A few days ago, while we were still rolling along the dusty, completely crowded roads, trucks and buses carrying their goods on one of the few possible roads from Jakarta to the east, covered with black dirt from the exhaust fumes in the evening, I wrote them this letter in my mind and now I am putting it on “paper”.
We have been on the road for almost 1.5 years now.
We have traveled through Poland, Slovakia, Hungary, Romania, Bulgaria, Georgia, Armenia, Iran, Emirates, Oman, India, Vietnam, Laos, Cambodia, Thailand, Malaysia, Singapore and Indonesia. As a bicycle traveler, less as a tourist.

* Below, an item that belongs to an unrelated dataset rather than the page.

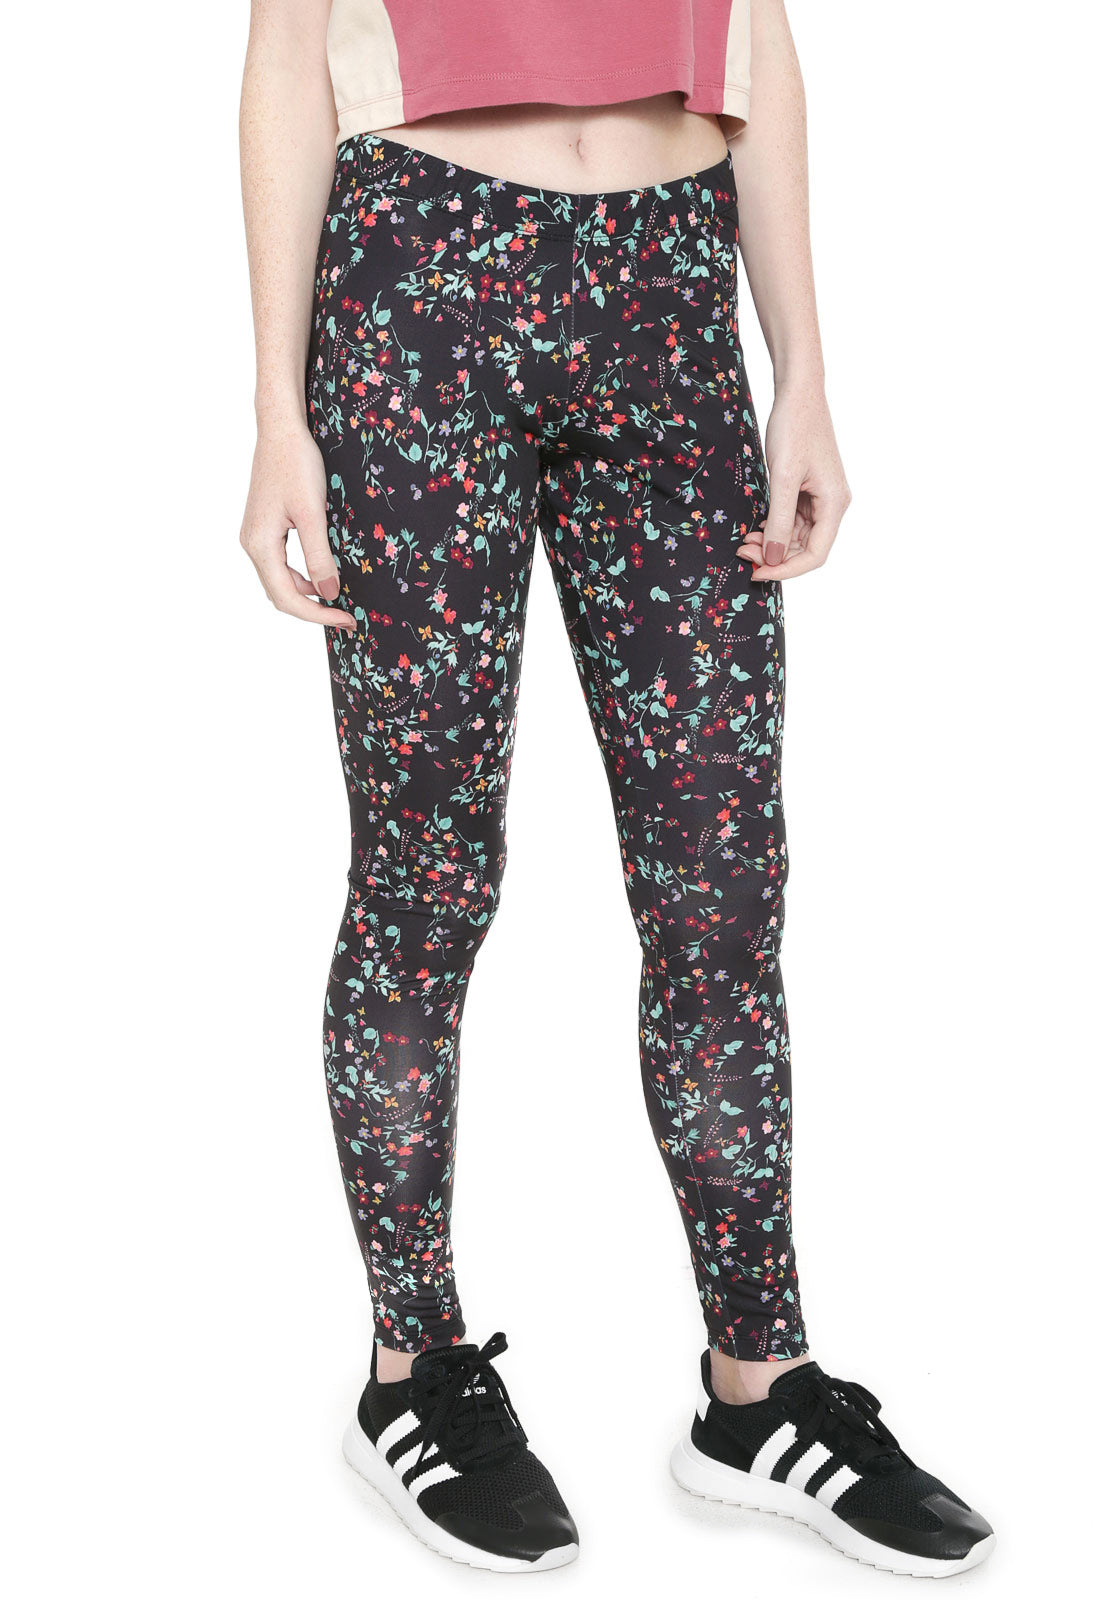 Stylish adidas Originals Leggings with Floral and Bird Pattern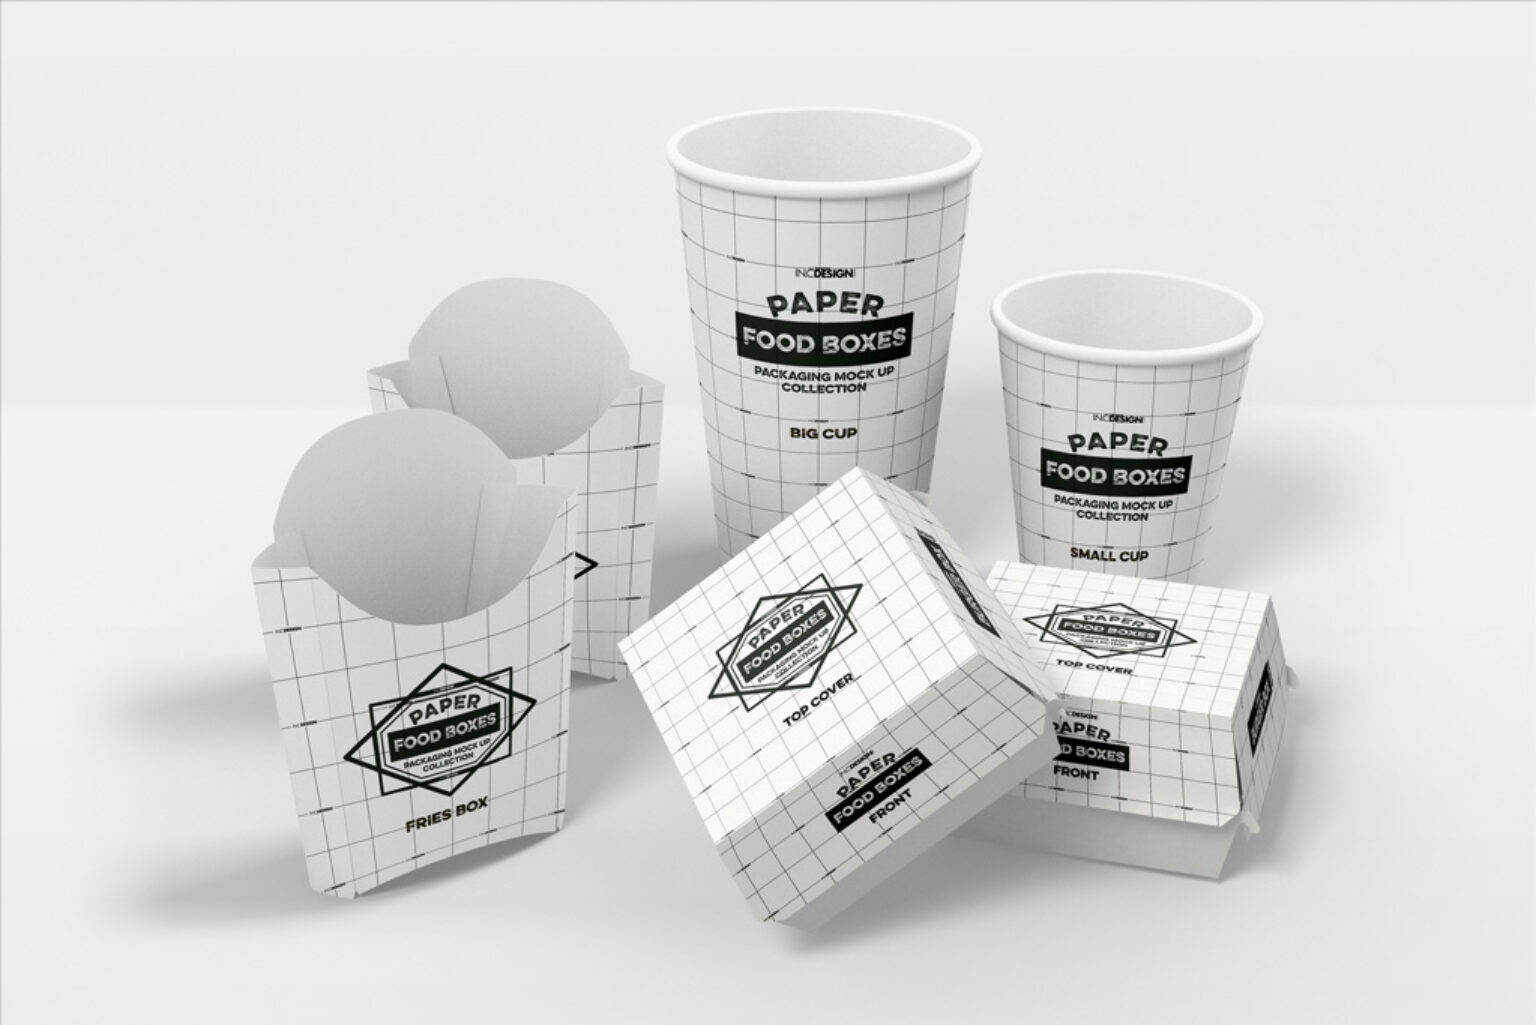 Download Fast Food Packaging (Boxes and Cups) Mockup | Mockup World

Thinking of you and your blessing

And just now is such a time, when I rather discouraged roll along the streets and the benefits of religion so slowly believe to understand, but the nonsense of religion and its effects myself experience, I think of you and your blessing, when I said goodbye to you in the hallway in the spring of 2022.
Everywhere we also met dissatisfied, unhappy, sad people on our journey.
Preferably then religion is instrumentalized and own citizens are publicly beaten up on the street. Religion is supposed to spread fear. Religion is to secure power. Religion is supposed to justify one’s own existence. We have found shelter in mosques for the nights, we have been driven away from Christian communities. In Hinduism we were invited to lavish meals, Buddhism has long since arrived in lavishness as well.
Buddhist statues in gigantomania. There gigantic mosques are newly erected and several churches are built in a very confined space. But what people urgently need, access to free clean water, solutions to the garbage problem, bans (or at least more education about the dangers) of alcohol and cigarettes, better and more roads or an expansion of rail transport to transport the necessary goods more safely for the drivers and residents of the villages as well as more cost-effectively, where is that?

That people have to fish in polluted waters is a disgrace, that women are forced to wear headscarves, that there is no solution for all the civilization garbage, that people have no access to education and medical needs, that people have to prostitute themselves to feed their families, that children live on the streets begging or stealing and so much more. I could go on forever. I would have loved to see something different. Something where these institutions religion get more together, show that they are there, care, stand up against all the injustice.

The young people

Yes, there is that too, fortunately, but honestly, far too little, only sporadically. But there is another that not only gives me hope, but also gives me confidence in people: young people.
These young people who cut off the old braids, who ride bicycles together, men and women, in Iran (there, especially in Tehran, riding bicycles is forbidden for women), young men and women in India, who talk about the understanding of democracy, think about the environment, get involved in waste disposal projects. The young people, e.g. in Cambodia, who are active in the field of art, who organize themselves and “cut off” old braids, the old cruel history and look into the future, think about the future and act actively with all their power.

I would still have a lot to write about them and I am so glad and grateful that they exist, that they are active, that they are shaping the future.

Why am I writing all this to you?

Well, because I can, because we are experiencing it, and because I feel it cannot be said often enough. Young people are the future. We had our chance. Let’s support them. Also in Germany and also in Berlin.
I think we should support them all, without resentment, and even if sometimes we might not agree, we should support them everywhere in the world with all our possibilities. Invite them to talk to us, ask us to actively support them in this or that.

We owe this to them, I think. Because a lot of what I see on our journey is getting in their way more. The old, the greedy, the power-obsessed, the ones who are afraid of being held up a mirror and possibly stripped of their power. We must stand in their way.

We will go further, have more experiences and I am looking forward to it. As long as we have the strength for it we will go to them, look at their activities and report about it.